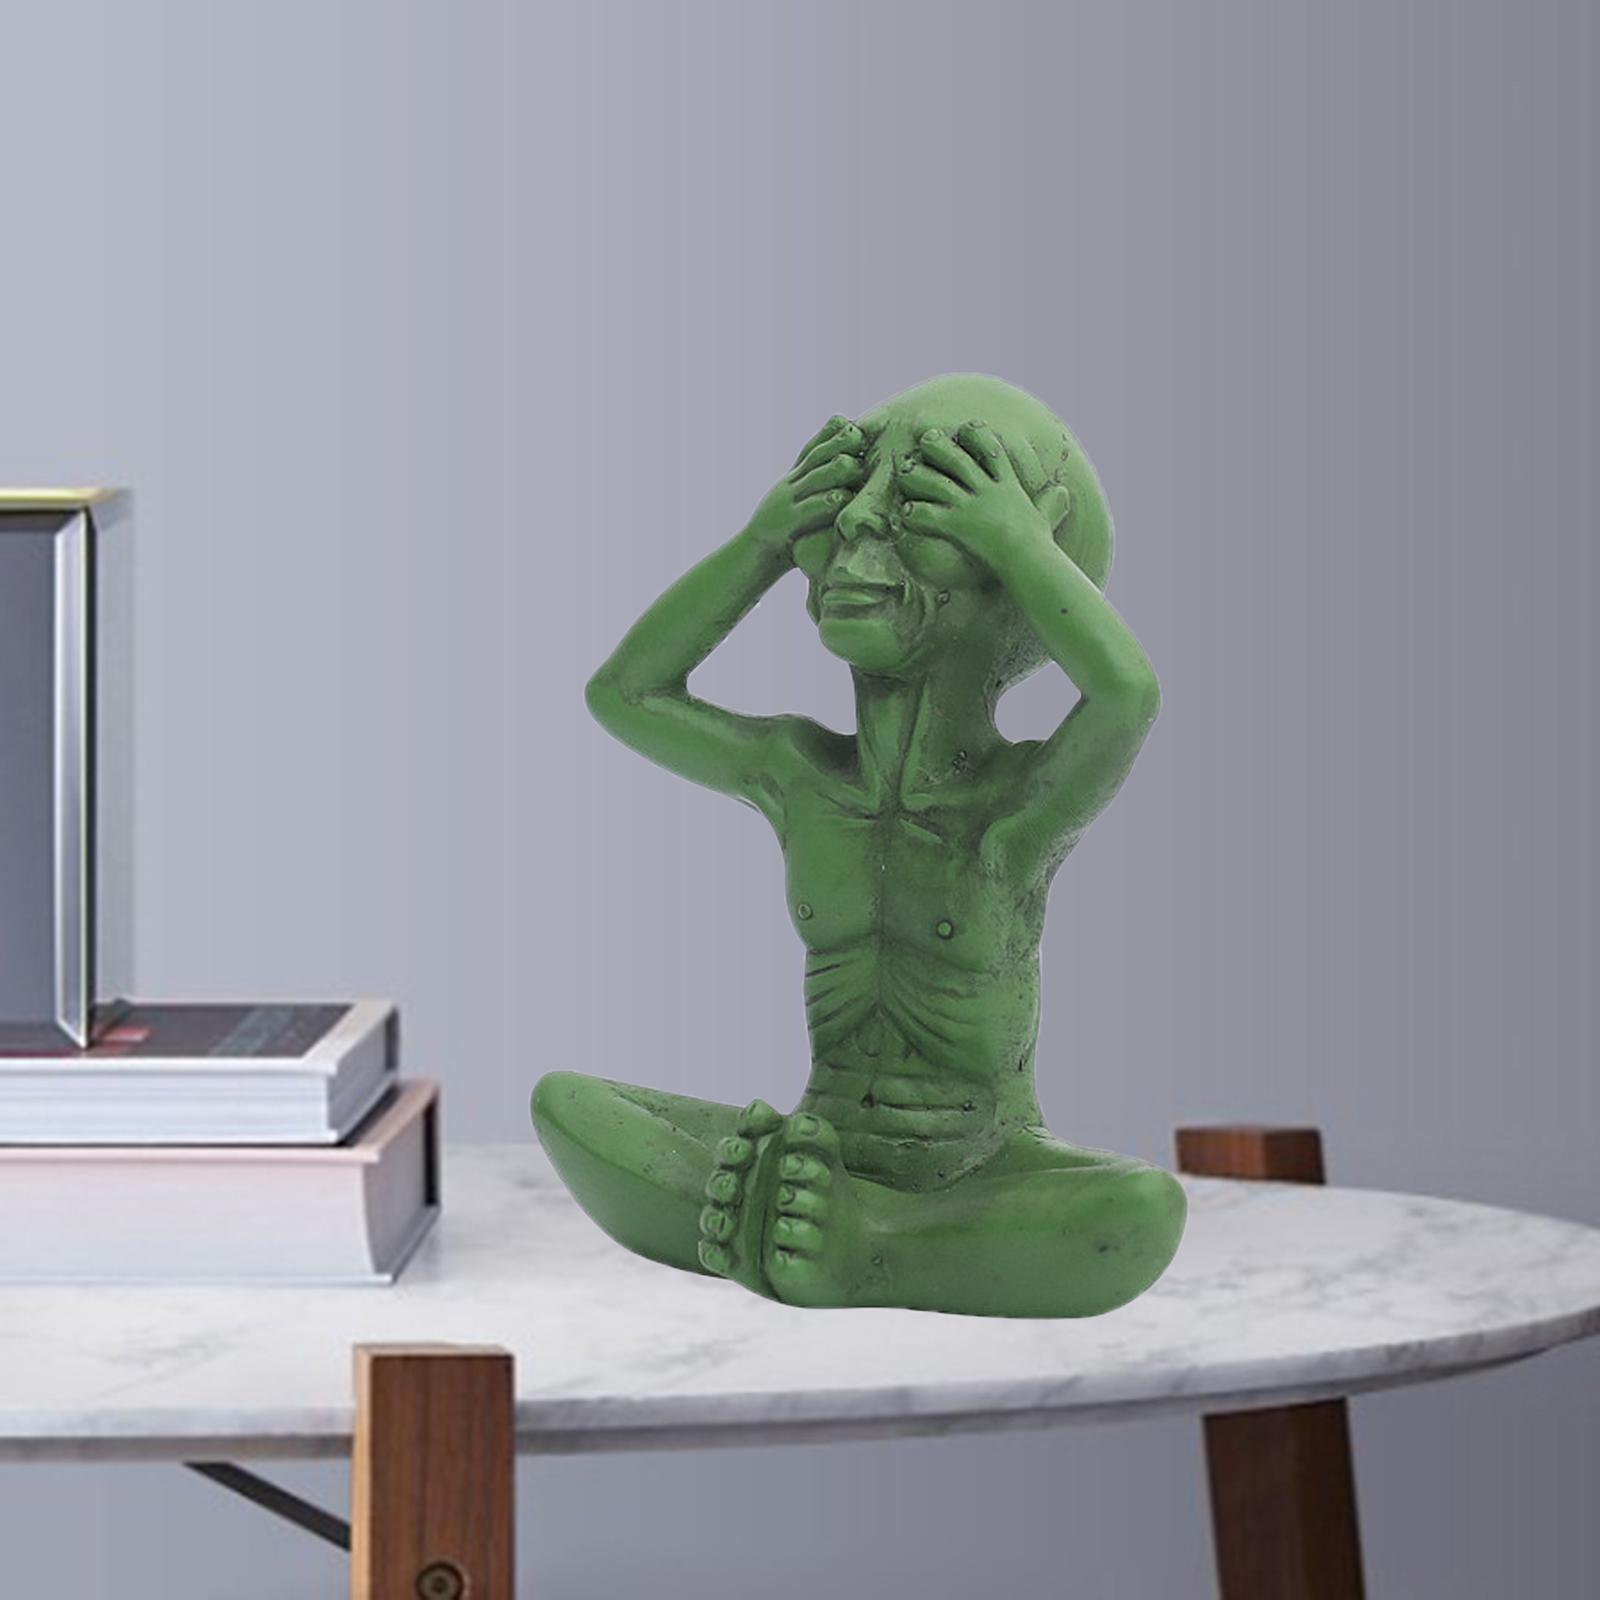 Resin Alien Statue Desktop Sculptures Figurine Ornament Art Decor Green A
....................
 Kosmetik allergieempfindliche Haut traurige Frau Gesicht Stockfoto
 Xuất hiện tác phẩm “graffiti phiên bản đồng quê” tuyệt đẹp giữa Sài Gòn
....................
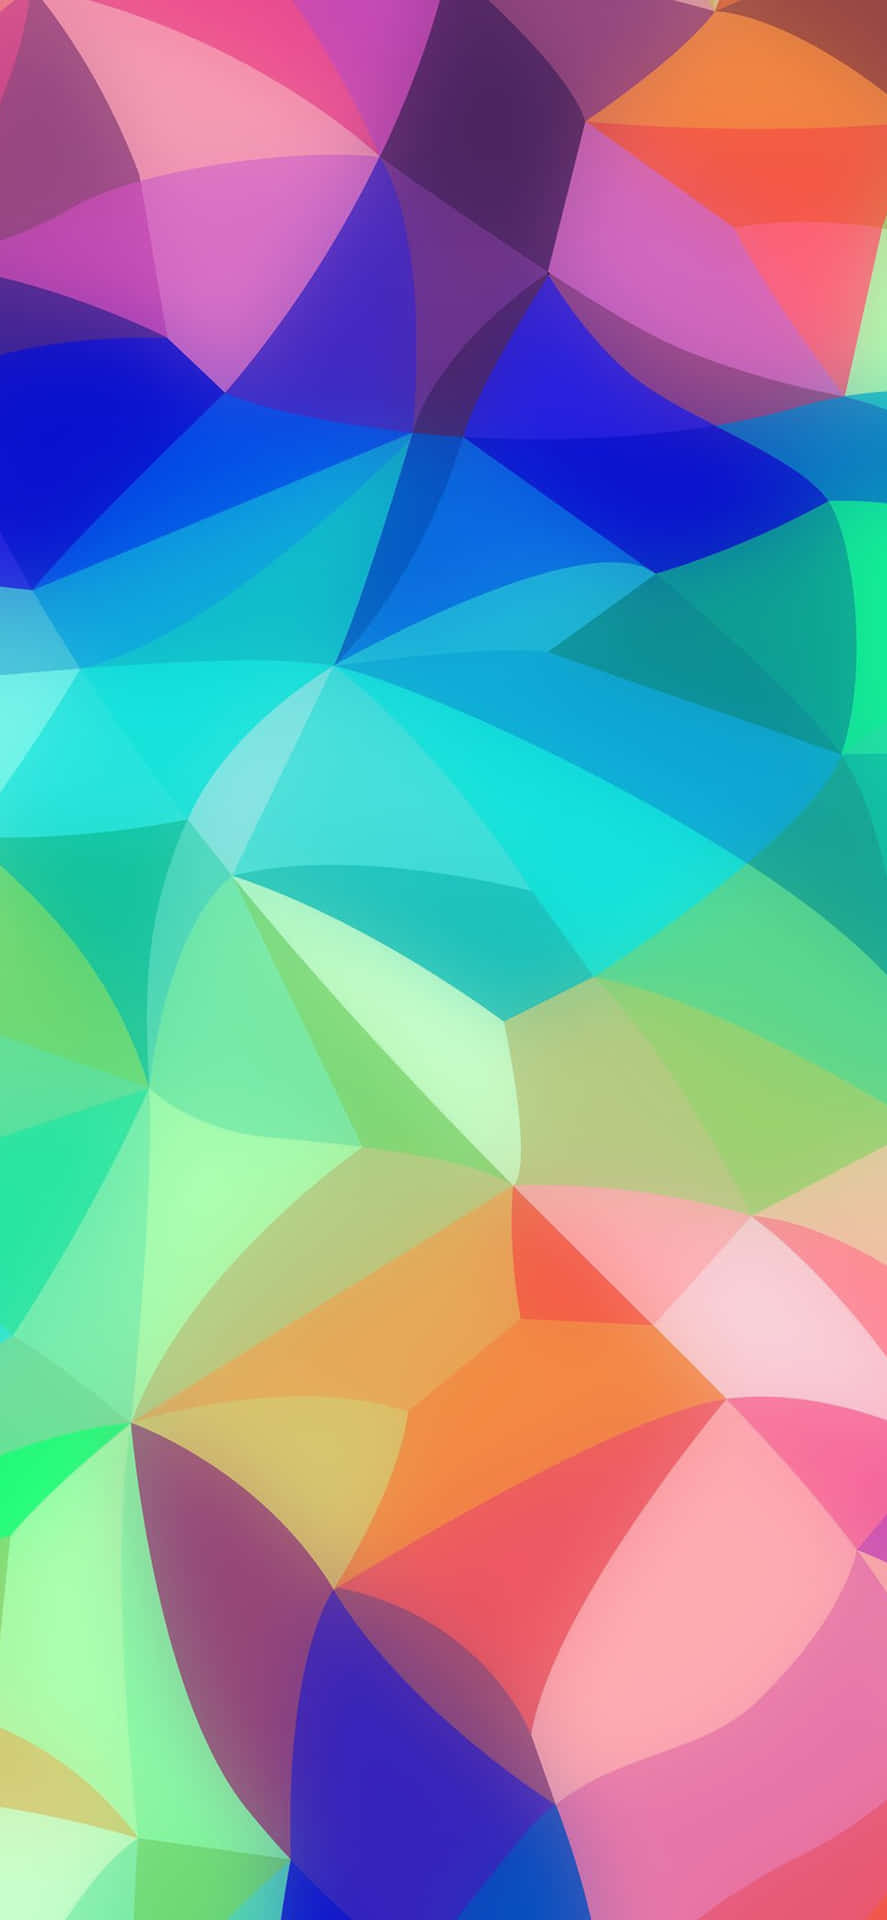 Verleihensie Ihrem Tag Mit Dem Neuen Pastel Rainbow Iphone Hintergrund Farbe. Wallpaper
....................
Problem statement ::
Give only the lines from the one holding "Kosmetik allergieempfindliche Haut" through the one holding "Xuất hiện tác", each restated exactly as it appears above.

Written answer ::
 Kosmetik allergieempfindliche Haut traurige Frau Gesicht Stockfoto
 Xuất hiện tác phẩm “graffiti phiên bản đồng quê” tuyệt đẹp giữa Sài Gòn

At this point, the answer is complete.